Dividends are important -- and not just for income investors. More than half of the S&P 500's total return over the past 30 years came from reinvesting dividends.

We asked three Motley Fool contributors to identify great dividend stocks to buy in October. Here's why they chose AbbVie (ABBV -4.58%), Johnson & Johnson (JNJ -0.46%), and Merck & Co. (MRK 0.37%)

A growth king

Keith Speights (AbbVie): Probably the first thing investors look for with a dividend stock is its yield. AbbVie doesn't disappoint on this front with a juicy dividend yield of 4.2%. However, this yield is only part of the story.

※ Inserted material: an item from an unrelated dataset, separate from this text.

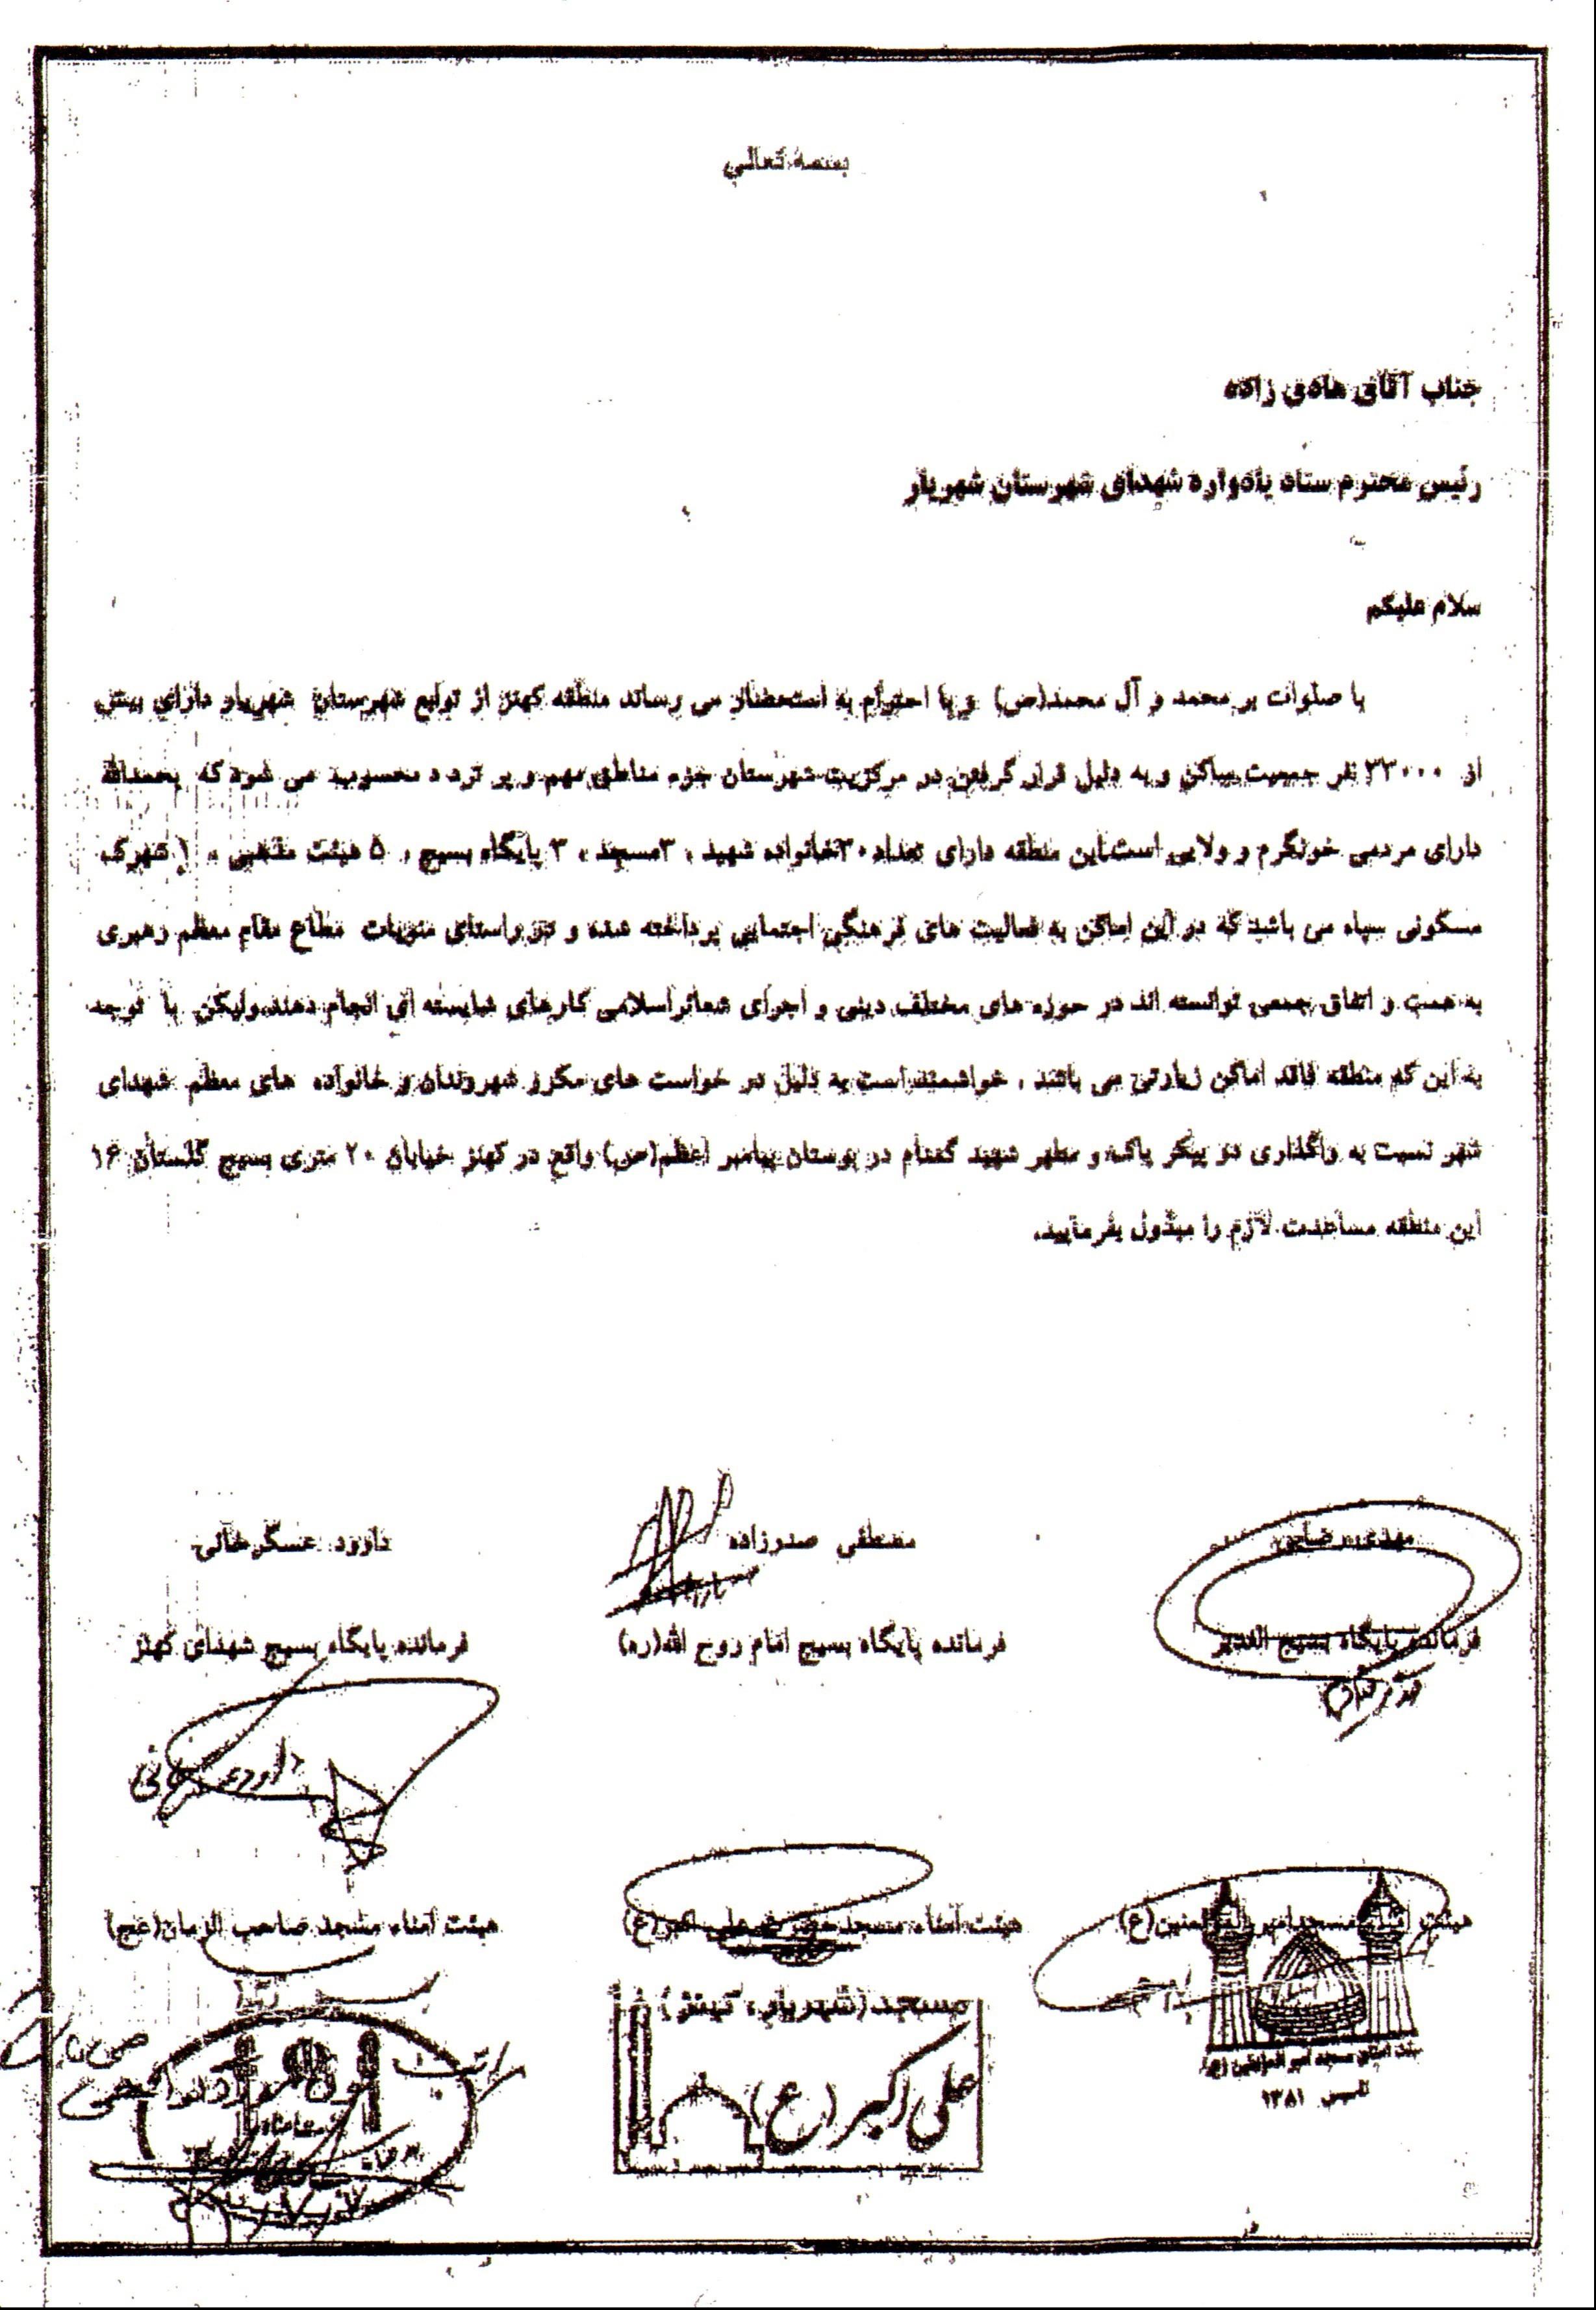 کانال+تلگرام+سپاه+فاطمیون

AbbVie also has an impeccable track record of dividend hikes. The big drugmaker has increased its dividend for 50 consecutive years, making it a Dividend King. Since spinning off from Abbott in 2013, AbbVie has boosted its dividend payout by more than 250%.

The stock has also been a big winner for investors. AbbVie's shares have soared nearly 90% over the past three years and are handily beating the overall market so far in 2022.

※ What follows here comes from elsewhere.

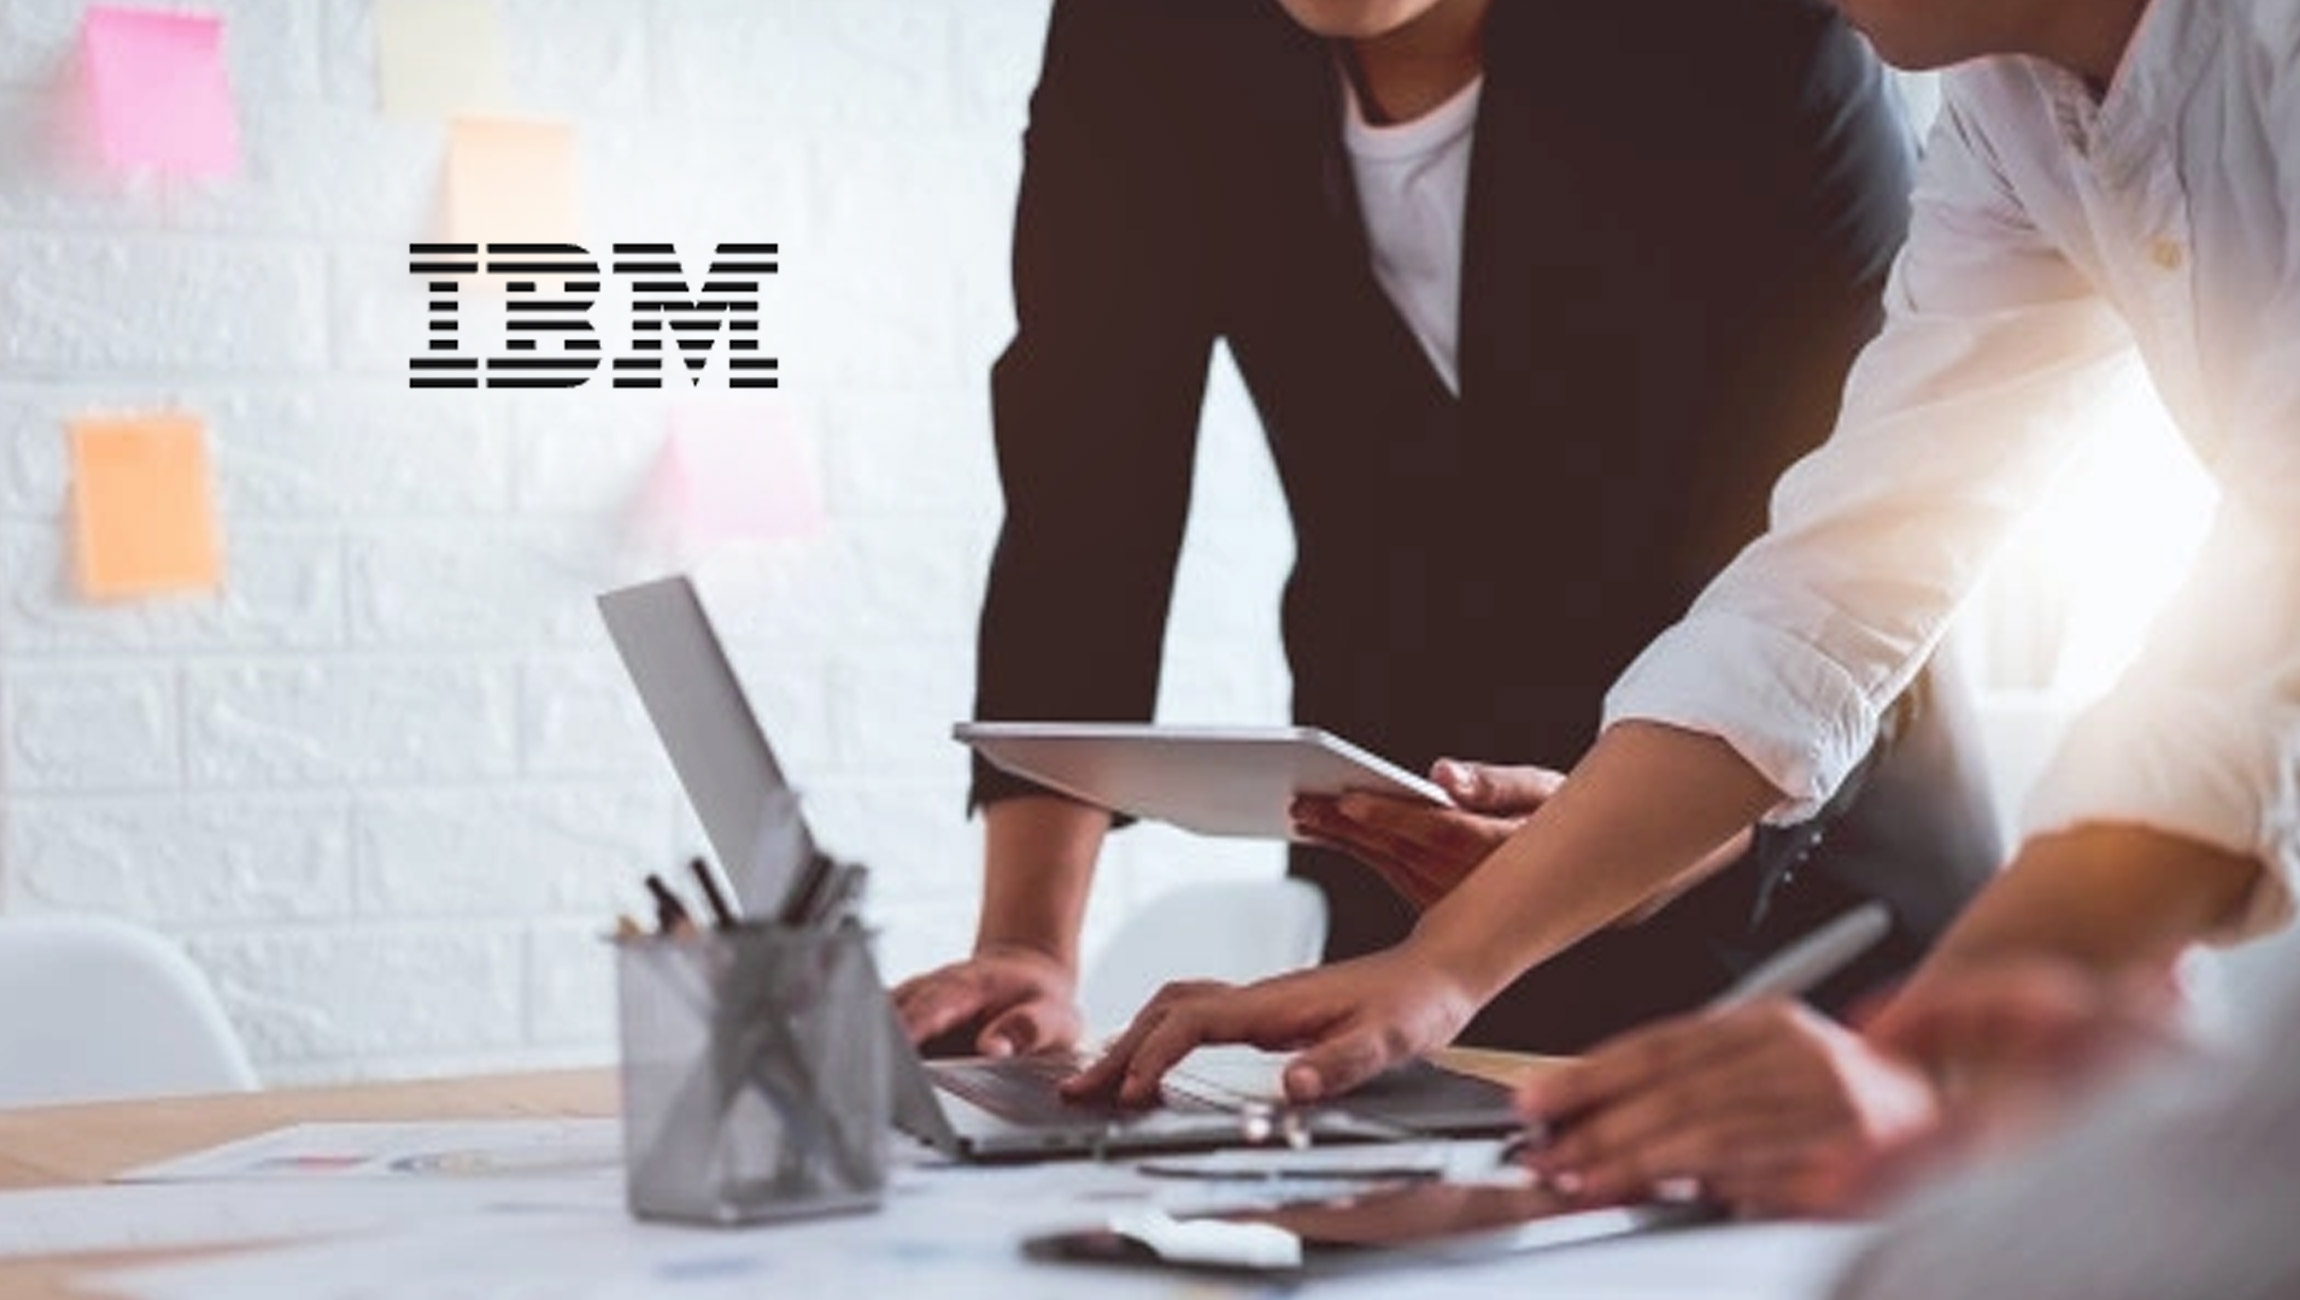 Virgin-Megastore-in-Saudi-Arabia-to-Accelerate-Digital-Transformation-with-IBM-and-SAP

One fly in the ointment for AbbVie is that its top-selling drug, Humira, faces biosimilar competition in the United States beginning in 2023. The company's sales will almost certainly decline as a result.

However, it's important to look ahead to where AbbVie will be in three years, 10 years, and beyond. The company already has two worthy successors to Humira on the market. AbbVie also has several other growth drivers in its lineup, plus a promising pipeline. I think this stock will keep up its winning ways for a long time to come.

As safe as dividends get

Prosper Junior Bakiny (Johnson & Johnson): For dividend-seeking investors, healthcare giant Johnson & Johnson checks all the right boxes, starting with its storied dividend history. The company has raised its payouts for 60 consecutive years. That puts J&J in the same exclusive club of Dividend Kings to which AbbVie belongs.

Next, there is the company's sturdy business. Johnson & Johnson's portfolio of drugs is both vast and diversified. It markets products within neuroscience, immunology, oncology, infectious diseases, and more. The company has a history of developing novel products, a necessary condition for pharmaceutical companies to remain successful over long periods. 

Johnson & Johnson also owns a medical device unit that develops cutting-edge technology to address various heart-related problems, vision issues, and much more. The company is currently spinning off its consumer health segment, home to various over-the-counter healthcare brands. It should complete this transaction by year end.

J&J should then become a leaner, more focused company that is less burdened by the thousands of lawsuits related to some of its consumer health products. Healthcare never runs out of style. Johnson & Johnson's long-standing leadership in the field and the steady earnings it generates will allow it to remain successful. 

Then there is the company's solid balance sheet. Johnson & Johnson boasts an AAA credit rating from Standard & Poor's. That's as high as it gets and a testament to the company's ability to handle its debt.

When corporations are in financial trouble, they sometimes choose to cut their dividend to save funds. That's unlikely to happen to Johnson & Johnson. In the past three years (i.e., amid the devastation caused by the pandemic), J&J has increased its payouts by 18.95%. With an above-average yield of nearly 2.8% and a reasonable cash payout ratio of 56.8%, there should be many more dividend increases in the company's future.

All this means I don't think that income-seeking investors can go wrong with Johnson & Johnson. 

A high yield with room to go even higher

David Jagielski (Merck & Co.): I believe that Merck definitely ranks as a top dividend stock that investors should consider buying this month. The diversified pharmaceutical company makes medicines for a variety of therapeutic areas, including diabetes, immunology, neuroscience, and oncology.

Cancer drug Keytruda is Merck's top moneymaker, generating more than $10 billion in revenue through the first half of this year and one-third of the company's total sales during that stretch. Merck has also reported a solid profit of $8.3 billion year to date, with an impressive net margin of 27%.

The company's strong financials allow it to pay a dividend that yields 3.1% today. That's well above the S&P 500 average of 1.8%. On a $10,000 investment, that can be an extra $130 per year in dividends by going with Merck compared to the S&P 500.

Merck has paid dividends for decades. It has also been increasing those dividends in recent years, with a compound annual growth rate of 8% over the last five years. If the company were to continue making dividend increases at that pace, it would take only nine years for Merck's dividend to double.

There's plenty of room for Merck to continue increasing its payouts. Its dividend payout ratio currently stands at only 42%. The company normally announces its dividend increases in November, so investors may not have to wait too long before another hike.

Merck's high yield, strong margins, and blockbuster drug in Keytruda should make it an attractive option for investors. I think that it's an investment that can set you up for life.